= Aminadab =

Person in the Book of Mormon

Aminadab (/əˈmɪnədæb/) is a person in the Book of Mormon who appears in the Book of Helaman. He had been a member of the Nephite church but left it and became associated with the Lamanites. In the Book of Helaman, after Nephi abdicates the Chief Judgment Seat to Cezoram, he and his brother Lehi go to preach to the Lamanites, who imprison them. After a heavenly incident, Aminadab clarifies to the surrounding Lamanite captors that Nephi and Lehi are conversing with angels.

Latter-day Saint (LDS) commenters on the Book of Mormon write that it is likely that Aminadab was a Zoramite, or a part of the Nephites who elected to follow Zoram. This idea comes from Aminadab saying that he had been taught by Alma, Amulek, and Zeezrom, who taught the Zoramites together earlier in the Book of Mormon. The parallels between Helaman 5 and Alma 34 also support the idea that Aminadab was a Zoramite. In the journal Religious Educator, LDS teachers of seminary and institute invite readers to use the story of Aminadab to show that students sometimes look to their peers rather than their instructors for information, and as an example of someone who left the church but returned to teach the gospel afterwards.

==Narrative in Helaman==
In the Book of Helaman, the brothers Nephi and Lehi are imprisoned for preaching to the Lamanites. Helaman 5:23 describes them being "encircled about as if by fire". A voice from heaven calls prison guards to repentance. When Nephi and Lehi look upwards and speak, Aminadab explains that they are speaking with angels of God, and encourages the prison guards to repent and cry "unto the voice". After the prison guards "cry unto the voice," the holy spirit fills them and they hear a voice praising his "well beloved".

==Interpretation==
In A Pentecostal Reads the Book of Mormon, John Thomas cites Aminadab's explanation as evidence that angels converse with humans in the Book of Mormon. In his series Second Witness: Analytical and Contextual Commentary on the Book of Mormon, LDS scholar Brant Gardner writes that Aminadab knew that Nephi and Lehi were speaking with angels because of his Nephite background, even though he himself could not see the angels at this point in the narrative.
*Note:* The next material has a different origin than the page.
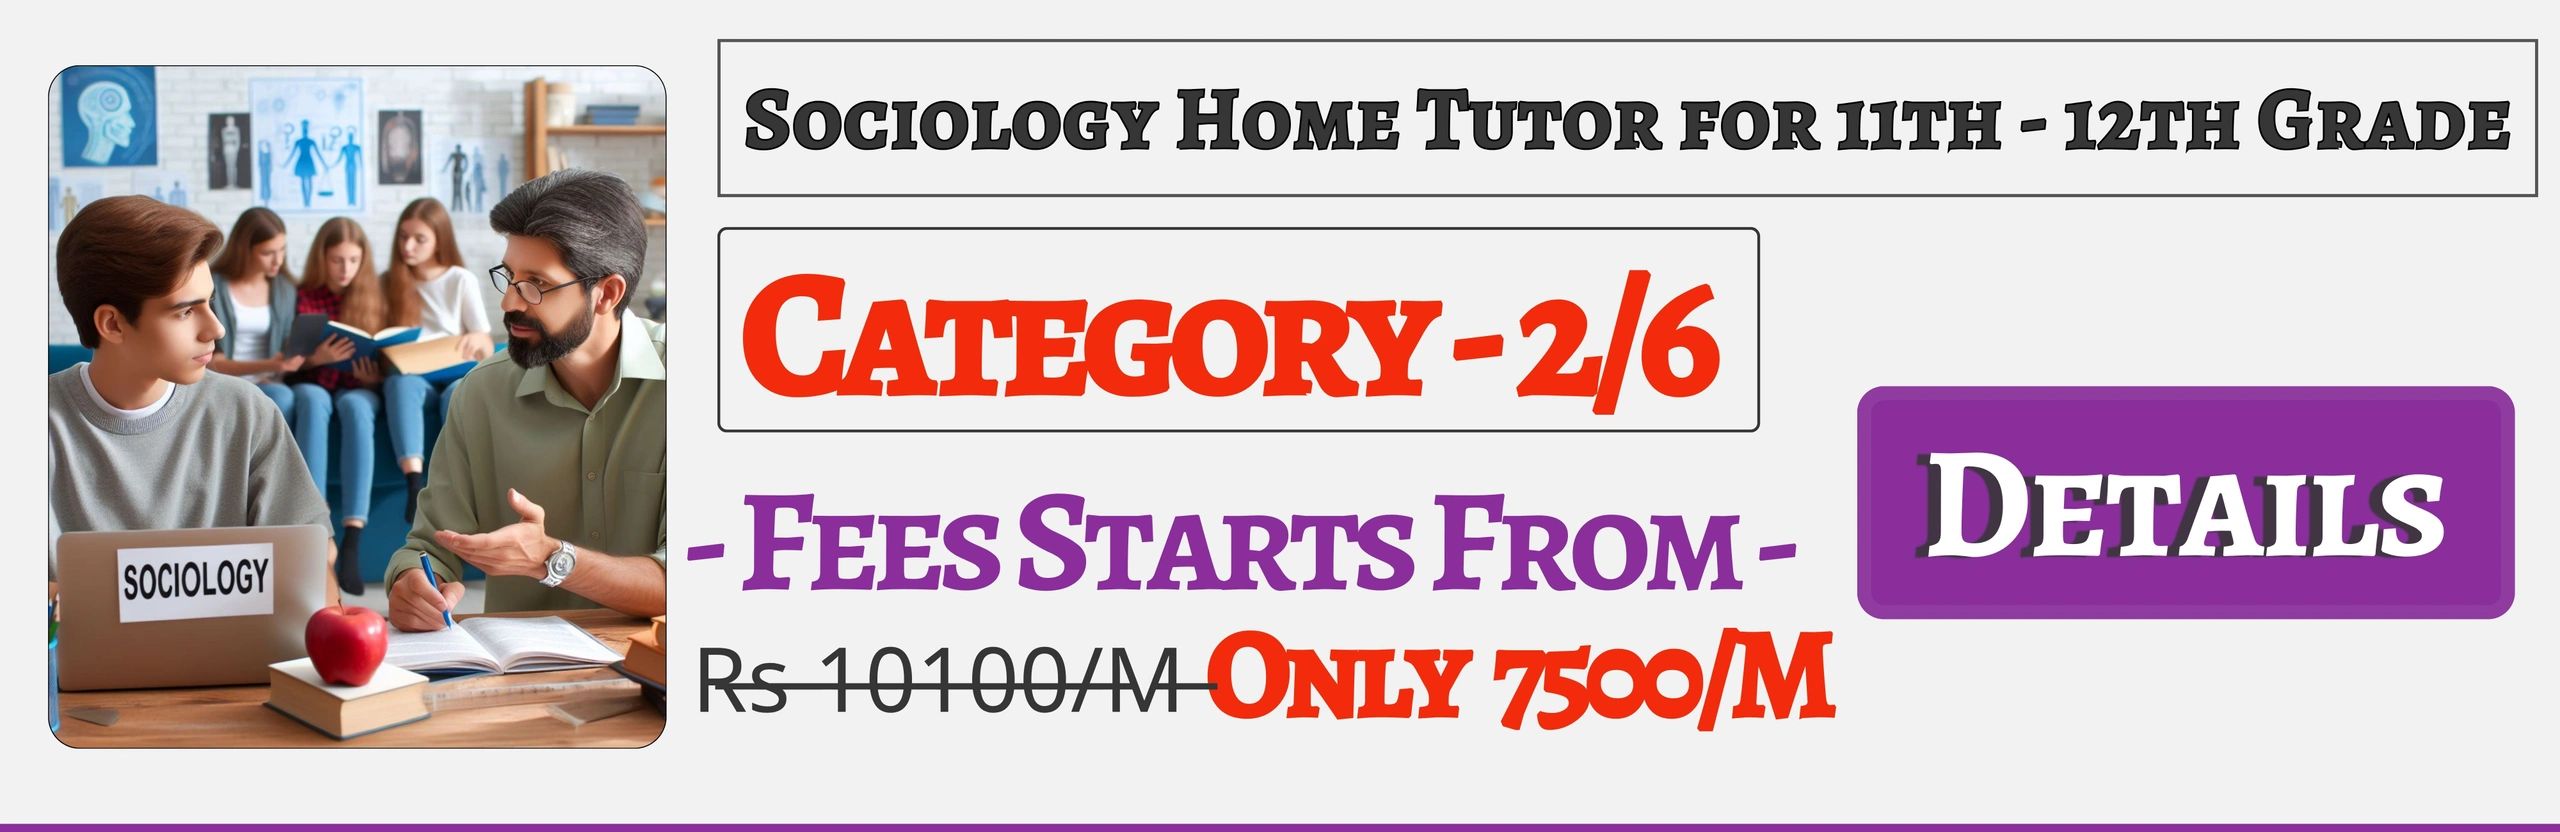 Book Best Nearby Sociology Home Tuition Tutors For 11th & 12th In Jaipur , Fees Only 7500/M

Aminadab's name is an alternate spelling of Amminadab, a name found in the Bible as a minor character referred to in the Book of Genesis.

===Zoramite background===
In the Journal of Book of Mormon Studies, Michael F. Perry, an LDS lawyer, considers how Aminadab tells his fellow onlookers to "have faith in Christ, who was taught unto you by Alma, and Amulek, and Zeezrom." The only time that Alma, Amulek, and Zeezrom appear together on a mission in the Book of Mormon is when they visit the Zoramites in Alma 31:6. While the Book of Mormon's compiler, Mormon, alludes to many events that are not described in the book, Perry believes that Mormon chose to include the mission that Aminadab references within the text. However, Aminadab's appearance occurs fifty years after this mission in the text. Perry presents the possibility that Aminadab is an older first-generation Zoramite, and concludes that it is not definite that Aminadab referred to the mission of Alma, Amulek, and Zeezrom mentioned earlier in Alma. In The Annotated Book of Mormon, Grant Hardy states that the Nephite dissenters present in Helaman 5, including Aminadab, must have been Zoramites. He noted the parallels of the text in Helaman with the teachings of Alma, Amulek, and Zeezrom in Alma 34 in the questions of "what shall we do?" and the responding advice to "cry unto" the voice.
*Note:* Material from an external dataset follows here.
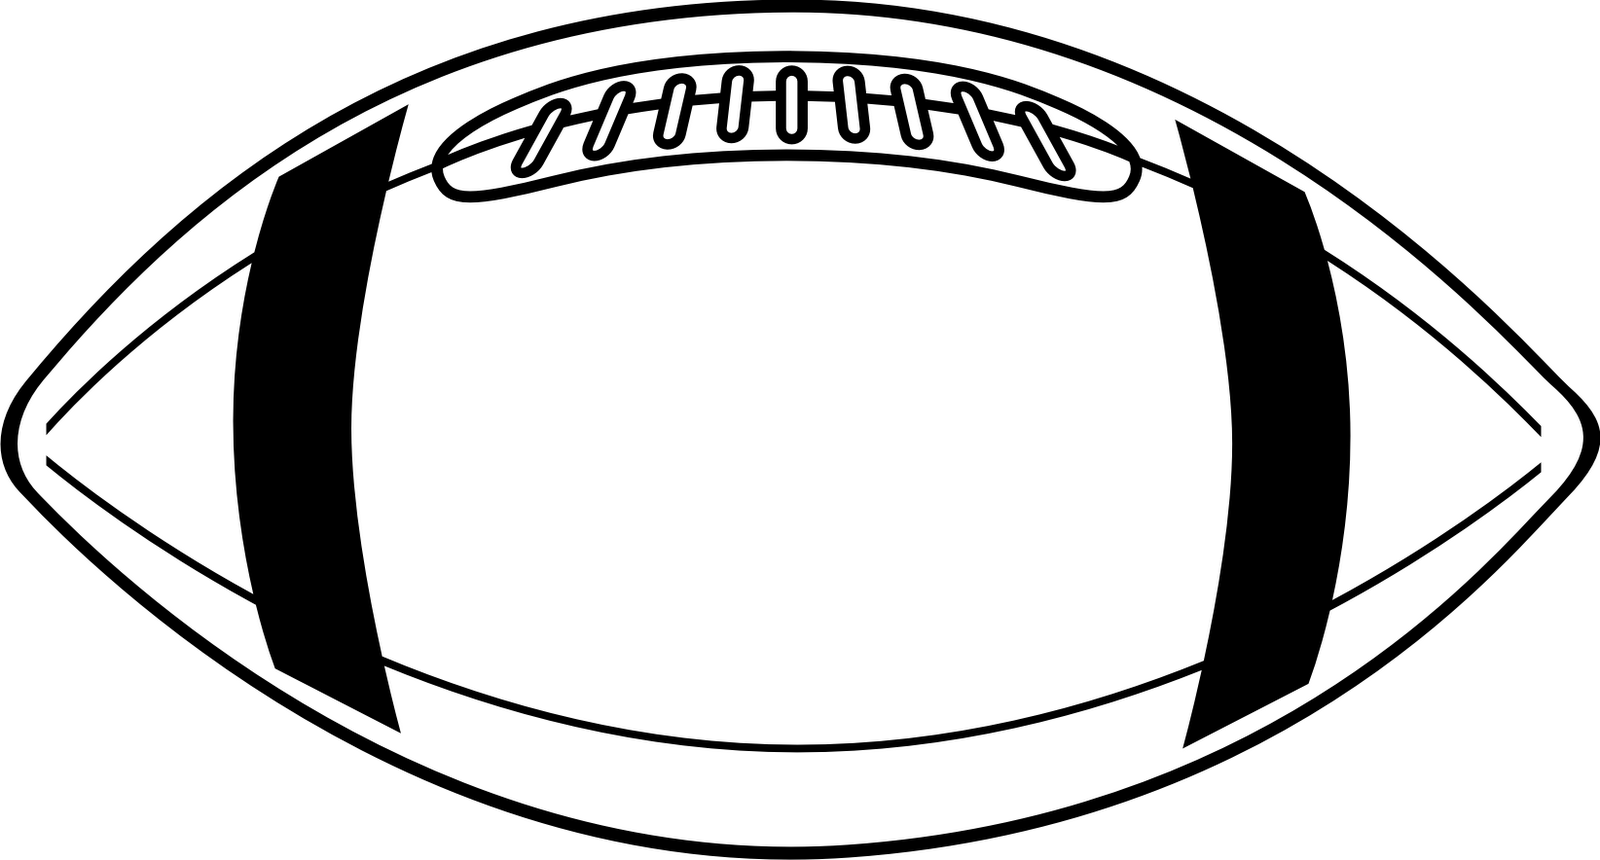 football clipart free black and white - photo #6

===Pedagogical application===
Writing to an audience of Latter-day Saint (LDS) seminary and institute teachers, John Hilton III, an employee of the Church Educational System, suggested using Aminadab's story as scriptural example of how sometimes students will ask questions about religion to their peers rather than their teachers. Another article in Religious Educator by seminary teacher Daniel J. Prestwich used Aminadab as a scriptural example of an individual who had previously dissented from the church, but "chose to become a missionary" when he taught his fellow onlookers to "cry unto the voice".